Dr. Wang’s research centers on developing engineering solutions for generating desired collective network behavior from multiple interacting individuals. The research has two aspects: (1) on the engineering side, to build effective and decentralized cooperation principles that enable a group of agents (e.g., sensors, robotics) to fulfill cooperative tasks autonomously; (2) on the biological side, to unravel the mechanism of how biological systems (e.g., multicellular organisms, social insects) achieve complex cooperative tasks with robustness and reliability from the cooperation of multiple cheap, unreliable, and limited constituent units. The two aspects correlate closely to each other: the engineering side can verify biological research, and the biological side can lend inspiration to engineering design. Example of specific research topics going on in the lab include:

  1. Distributed coordination and synchronization of wireless sensor networks. Wireless sensor networks have become an essential element in numerous military, industrial and consumer applications, such as surveillance, industrial process monitoring and control, machine health monitoring, and environmental monitoring. The key enabler for the application of wireless sensor networks is coordination and synchronization algorithms, without which information fusion and medium access control are impossible among constituent sensors. By turning to nature for inspiration and using rigorous mathematical analysis, we have proposed several novel synchronization algorithms for wireless sensor networks. Experimental results confirmed that they are superior to the current state-of-the-art synchronization protocol in terms of both energy efficiency and synchronization accuracy. Due to their appealing performance, the new algorithms have attracted industry partners, and currently we are collaborating to gear the synchronization algorithms towards practical applications.

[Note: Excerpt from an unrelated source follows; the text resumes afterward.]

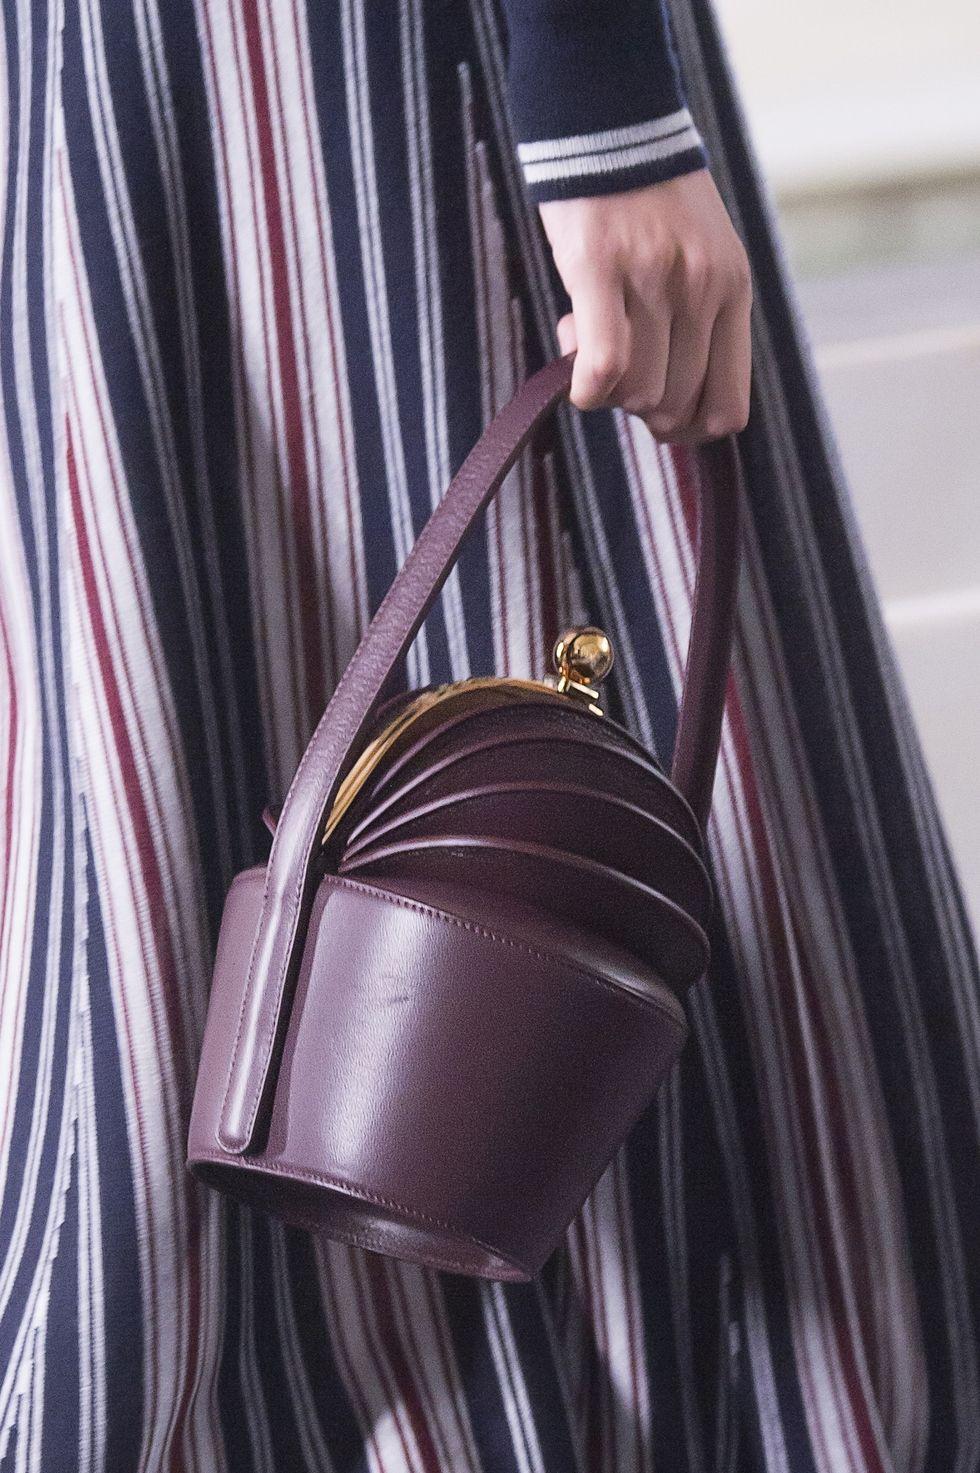 Сумка самого модного цвета 2018-го года - ультрафиолет - в весенне-летней коллекции Gabriela Hearst
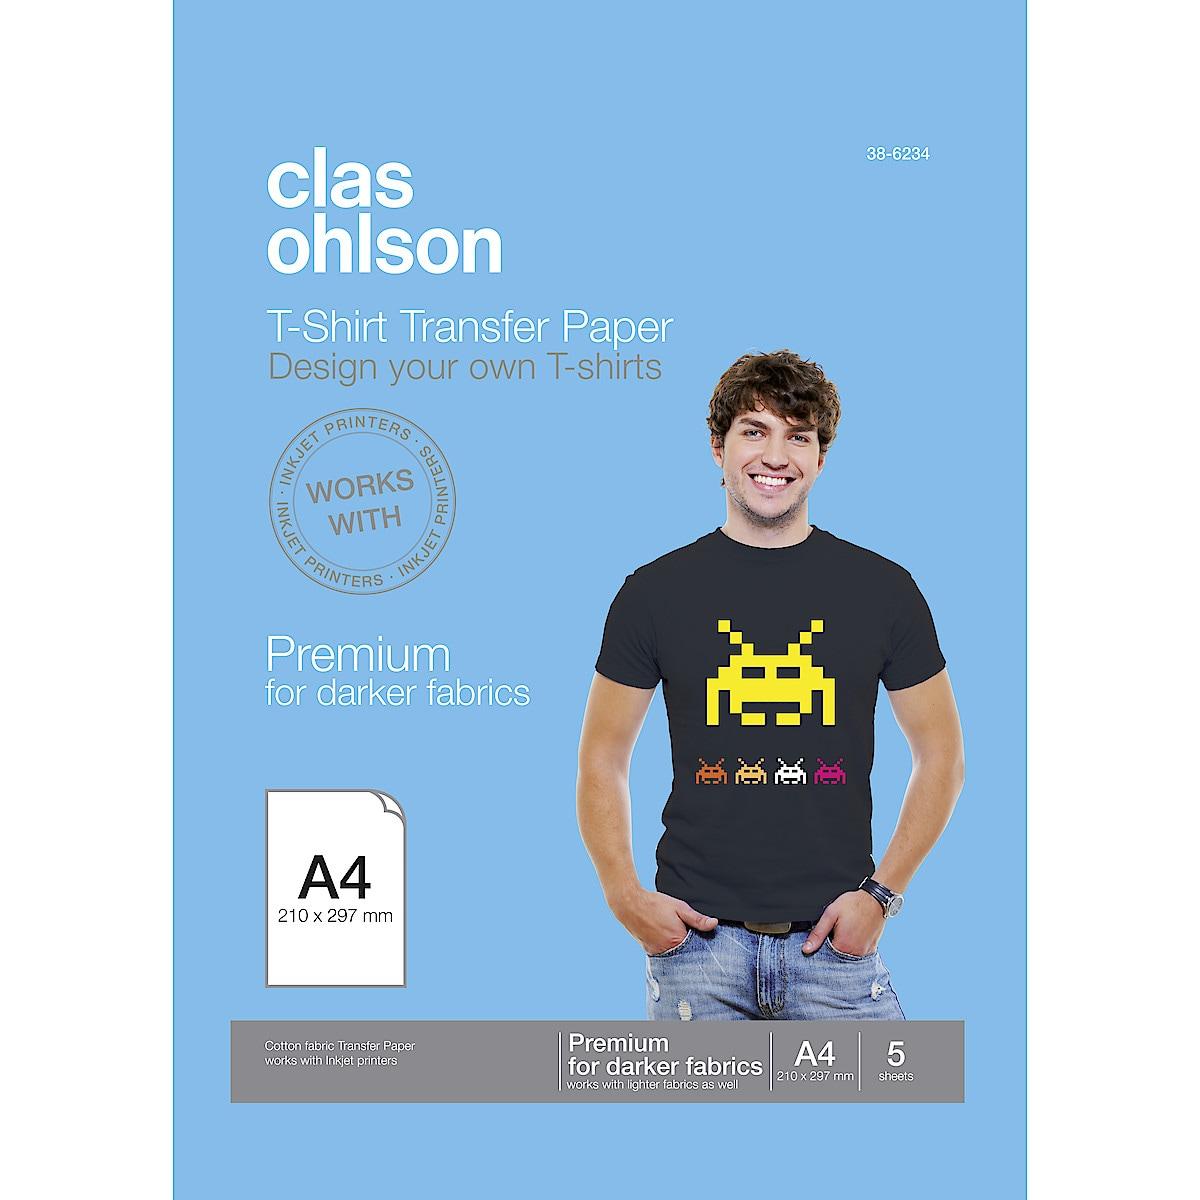 T-shirtpapper för svarta/mörka plagg Clas Ohlson

  2. Modeling and analysis of biological oscillator networks. Rhythms are fundamental to biological activities. With period lengths ranging from seconds in glycolytic oscillations, to hours in circadian activities, to years in reproduction, these rhythms are among the most conspicuous properties of living systems. Most biological oscillators are arranged in networks composed of multiple cellular oscillators. By using systems and control techniques, we aim to uncover the mechanism of how organism-level collective behavior is established from intercoupled cellular oscillations. Our goal is to investigate the mechanisms of the interaction and cooperation between biological cellular oscillators. The results will directly contribute to the understanding of complex biological processes such as circadian rhythms and embryogenesis.
  3. Cooperative control of multi-agent systems. Cooperative control enables multi-agent systems to achieve a global goal in a decentralized manner, and has found extensive applications in, e.g., formation control of unmanned aerial vehicles (UAVs), distributed sensing, mobile networks, and robotics cooperation. Using the knowledge acquired from the study of biological collective behaviors and rigorous mathematical analysis, we are interested in designing bio-inspired cooperative control approaches for multi-agent systems that can meet various stringent requirements, such as high scalability and accuracy, high energy efficiency, and failure tolerance. As has been proven, the ideas and principles of biological systems can greatly benefit engineered systems. We believe the mechanism of collective cooperation and interaction of biological oscillators can provide us with inspiration for the cooperative control of engineered multi-agent systems.